The dataset toolbar company requested to remain undisclosed. The data are not publically available, but were utilized in previous works to model users’ browsing behaviors (see for example, [11]). Despite this limitation, we make the anonymized network, together with the labels of all filtered users, available in a public repository [25].

We took several actions to ensure the data’s credibility. First, we only included users with a total number of URLs between 100 and 9000 over the entire three-month period to model a typical human browsing activity. Second, to ensure a continuous analysis, we included users whose first and last browsing sessions were at least 30 days apart. Altogether, our study includes about 25,000 qualified users.

Data labeling

The Google Safe Browsing (GSB) API is a blacklist-based API that is often used for classifying URLs [26]. We consider a user to be exposed if she entered a URL that GSB classified as malicious. Correspondingly, we define users as risky in a specific learning period if they entered at least one malicious URL, and safe otherwise. By definition, all users are initially categorized as safe and can transition to the risky category, yet they cannot become safe again. Following 30, 60, and 90 days, 8.5%, 14.9%, and 16.35% of the users are considered risky. These percentages are within the range stated by other papers as the proportion of risky users in society [3, 4]. Note that the classification is URL-specific and not domain-specific. Namely, the percentage of URLs that are considered malicious in a given domain is often low, and most domains containing malicious URLs also have many completely safe ones.

Splitting the data

Our goal is to predict which users will enter a malicious URL within 60–89 days by studying the users’ behavior during the first 0–59 days. These full 90 days were the same calendric days for all users. We chose the same calendric days to ensure no data leakage to the test set. We randomly split the data (i.e., the users, their features in every feature set, and their labels), using 80% of the data for training and the rest for test purposes. We perform 10-fold cross-validation on the train set itself, where 90% of the users are used for learning and the other 10% for validation in every iteration. The performances of the final classifiers are tested on 20% of the users who were not used in training and unseen by any of the models.

Feature extraction for Network Framework

The Network Framework distinguishes between safe users, UCRUs and CRUs. For safe users, it predicts that their probability of becoming infected is 0. For UCRUs, we use the URR as a feature for prediction. For CRUs, we use features we extracted from the network using the node2vec algorithm [27]. This method allows learning continuous feature representations for nodes in networks. It takes a graph of the form G(V,E,W) as input and treats every node as a ‘word’. It then simulates random walks between nodes in the graph to create ‘sentences’ that add up to a ‘corpus’, similar to the textual corpora used in natural language processing models. The output of the algorithm is an embedding (a vector representation) for each of the graph’s nodes. We define the size of the output vector to be 64, in order to balance between the number of features and the total information each one ‘represents’. After running the algorithm on the graph, similar nodes are represented by similar vectors. Due to the structure of the algorithm, similar nodes are considered as such if they play similar roles in their connected component and in the entire network.

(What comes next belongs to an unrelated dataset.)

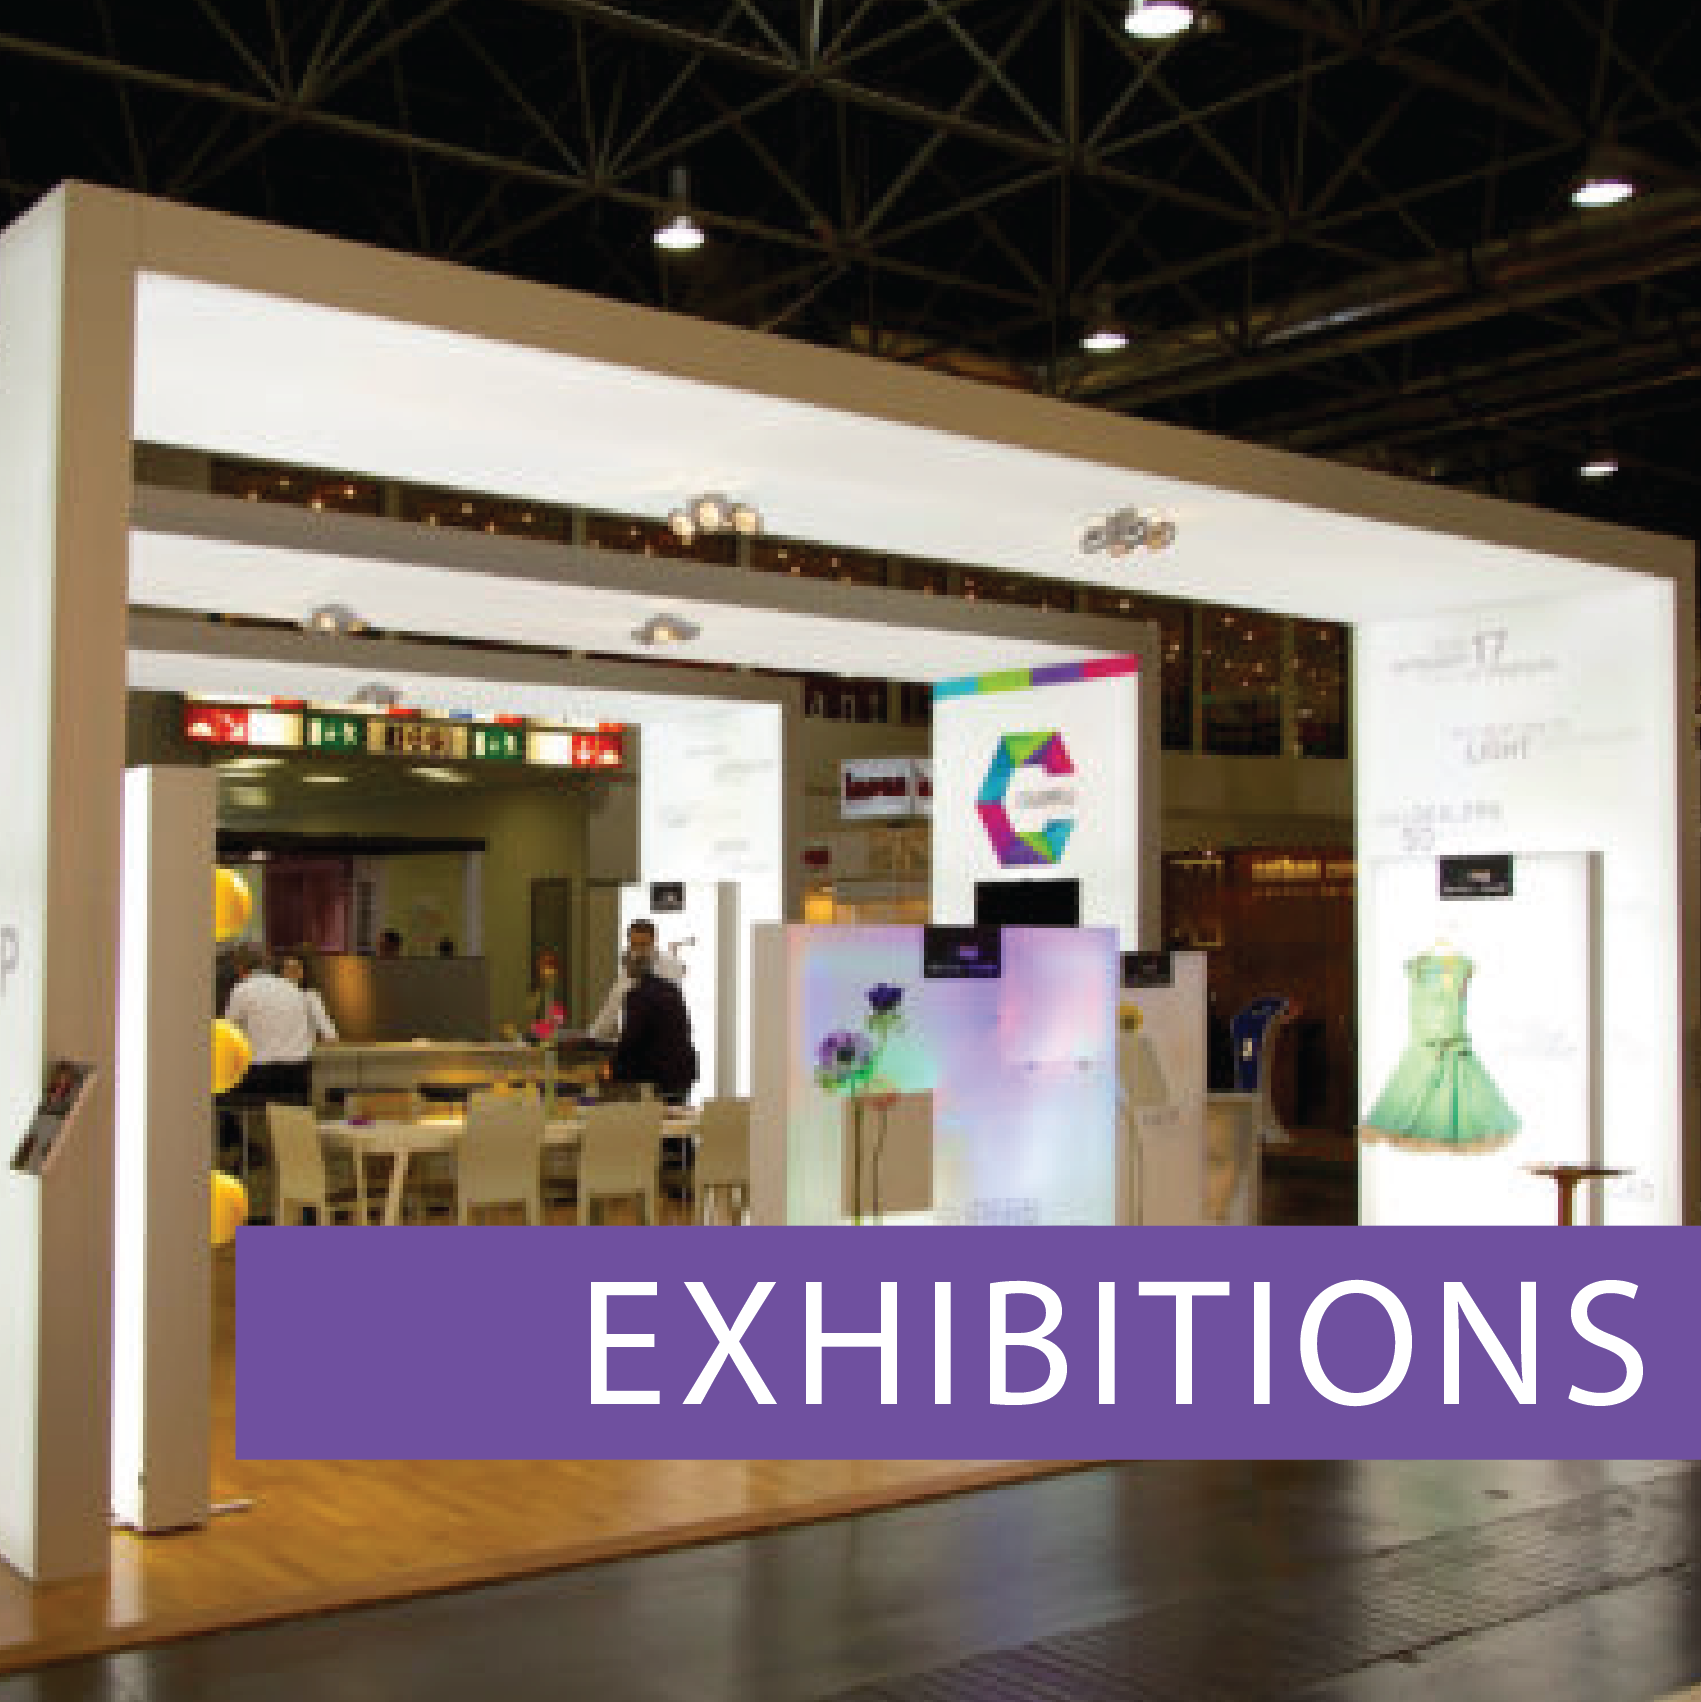 Matrix Frame Exhibition Displays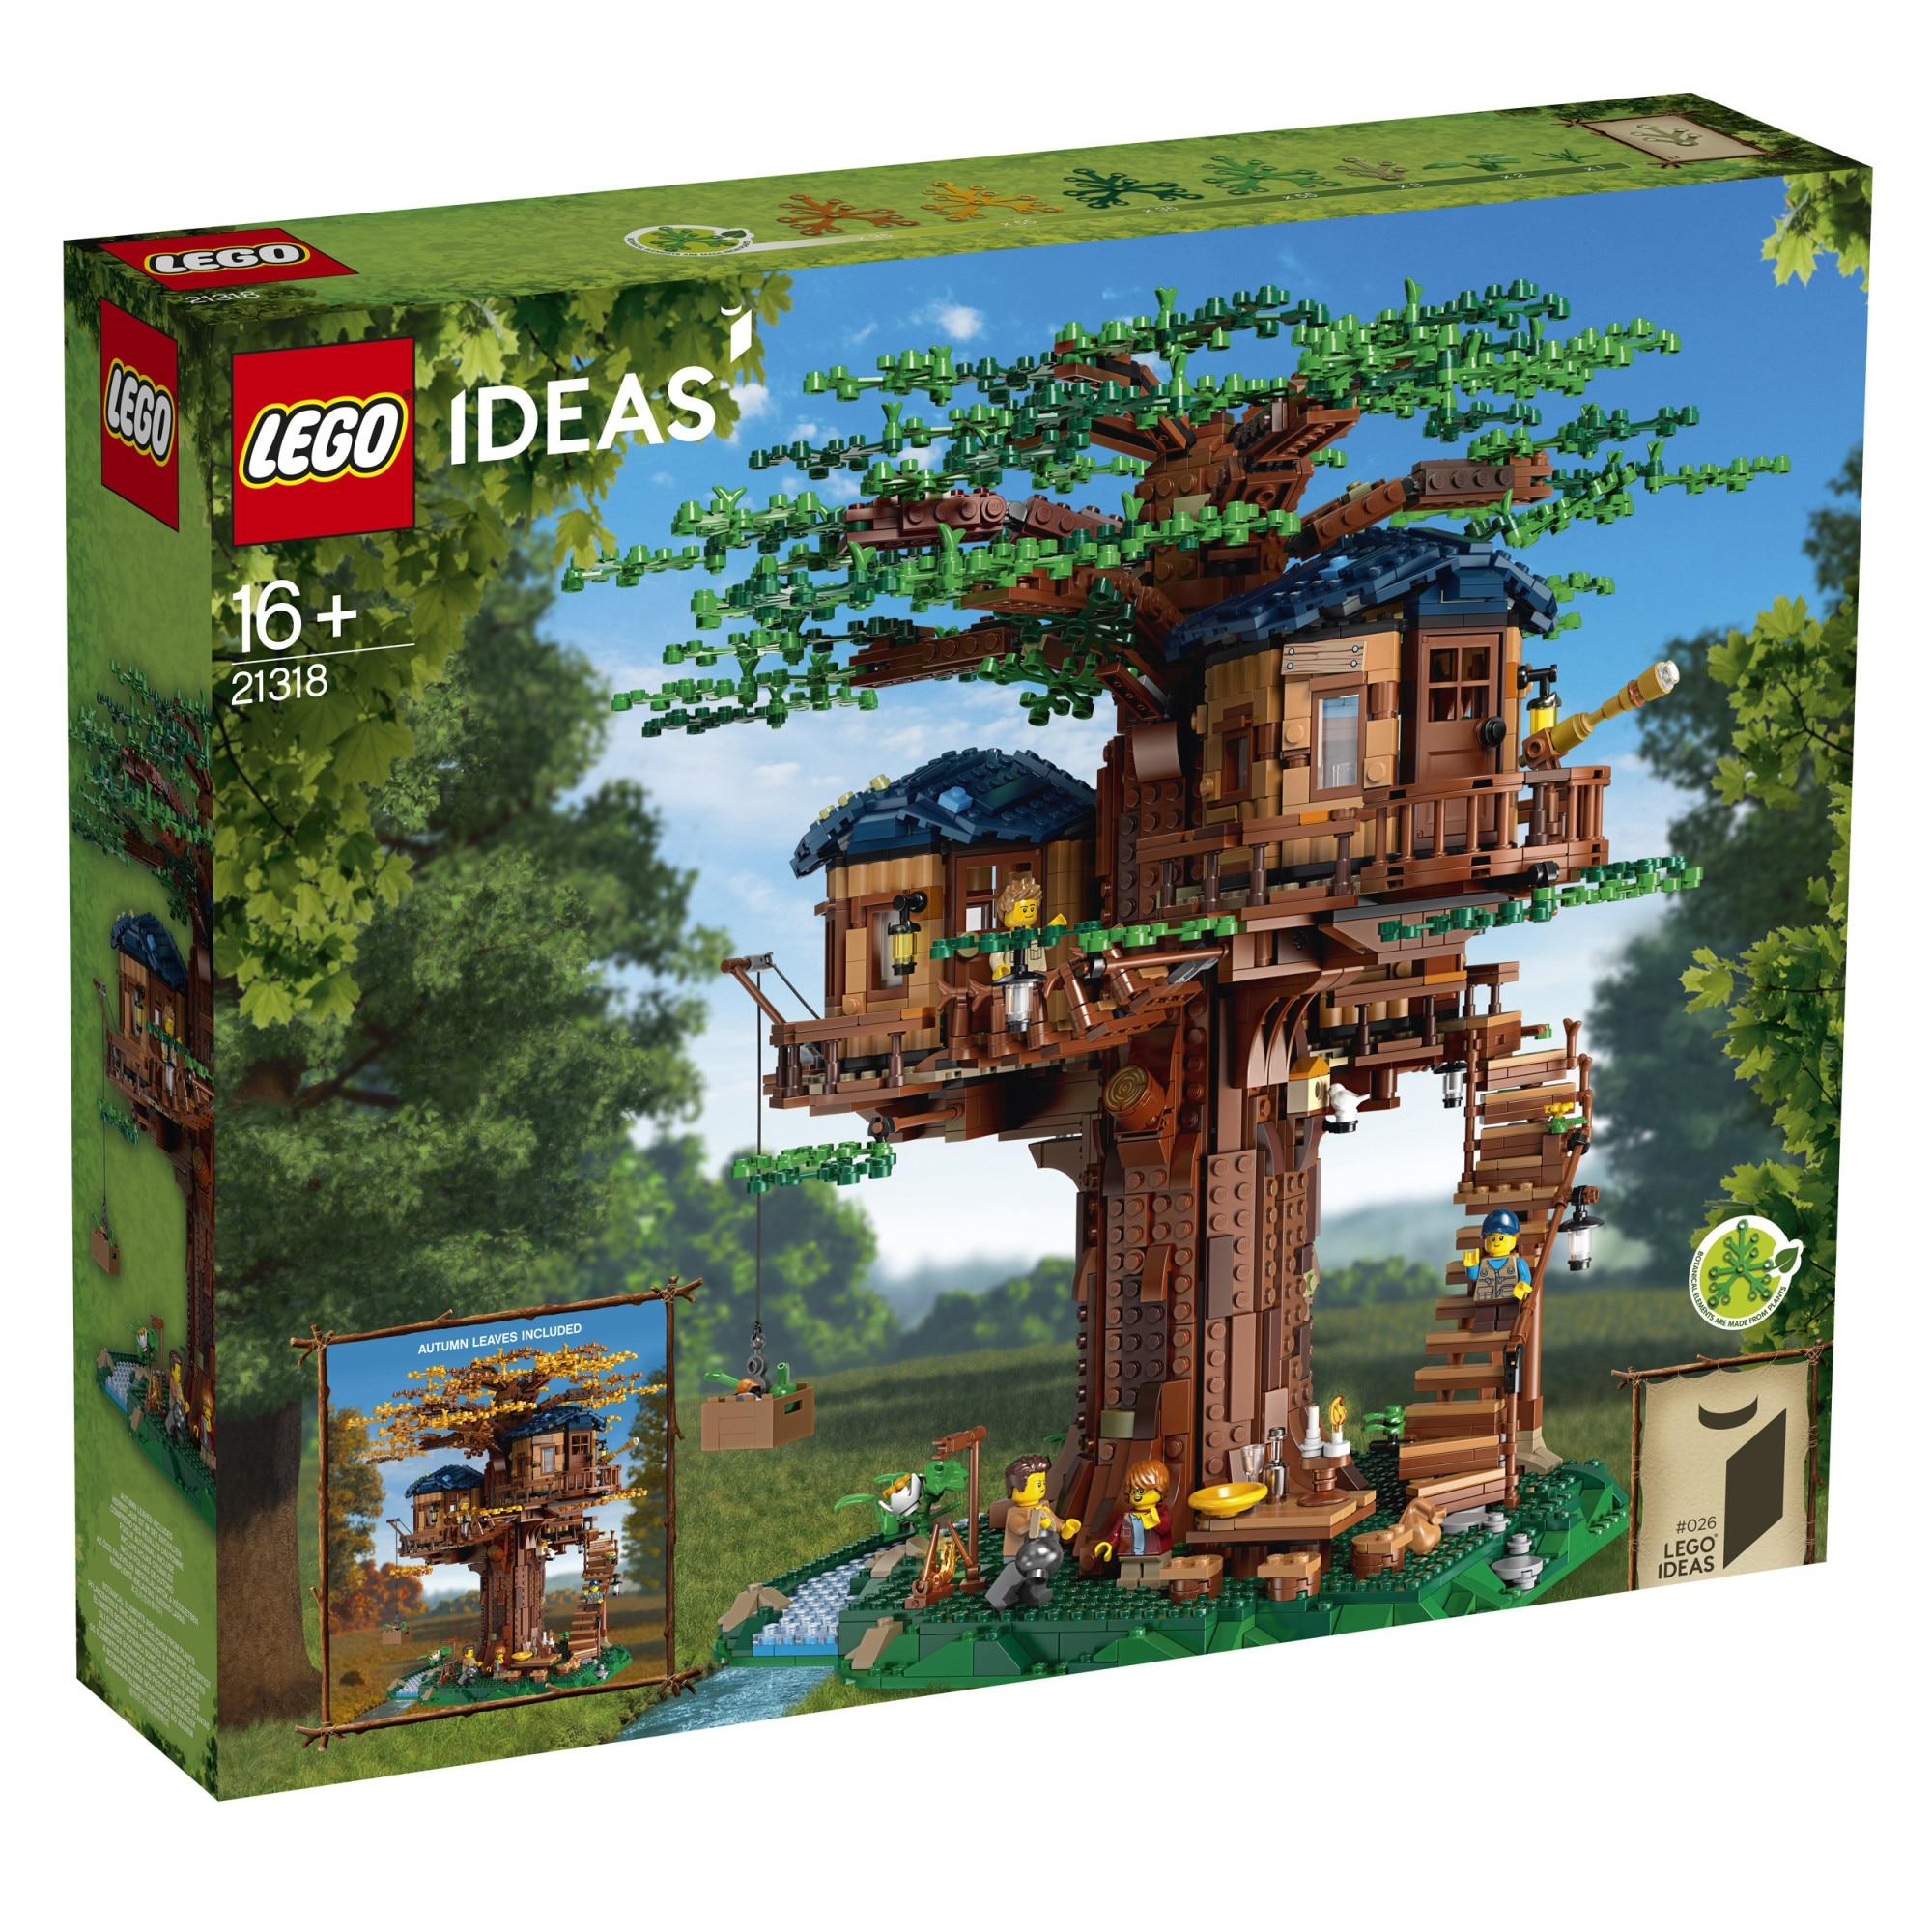 Fotografie LEGO Ideas - Tree House 21318, 3036 piese

To incorporate the second layer in our predictions for CRUs, we combine the extracted node2vec features with the URR.

To incorporate the third layer, we depict two traits for every user comprised of binary vectors of size 60, corresponding to the number of days in the learning period. The first indicates the day on which each user joined the CRUN. The second indicates the days following the joining day in which the user entered at least one malicious URL (Fig 2).

The Browsing Framework–baseline comparison

We compare our framework to a Browsing Framework baseline, which includes features previously shown to be effective for malware prediction [3, 4]. Specifically, for each user, we extract a total of 47 features. Each feature belongs to one of three groups: general browsing habits, risky browsing habits, and time-related habits. The general browsing habits group includes features such as the total number of sessions, the user’s average session duration, and her number of URLs per session. The risky browsing habits group includes similar features, specifically regarding sessions that contained a malicious URL. An example of such a feature is the total number of sessions in which the user entered at least one malicious URL. The time-related habits group portrays the hours of the day during which the user was most active (for the complete list of features see S2 Text. Feature extraction for the browsing framework).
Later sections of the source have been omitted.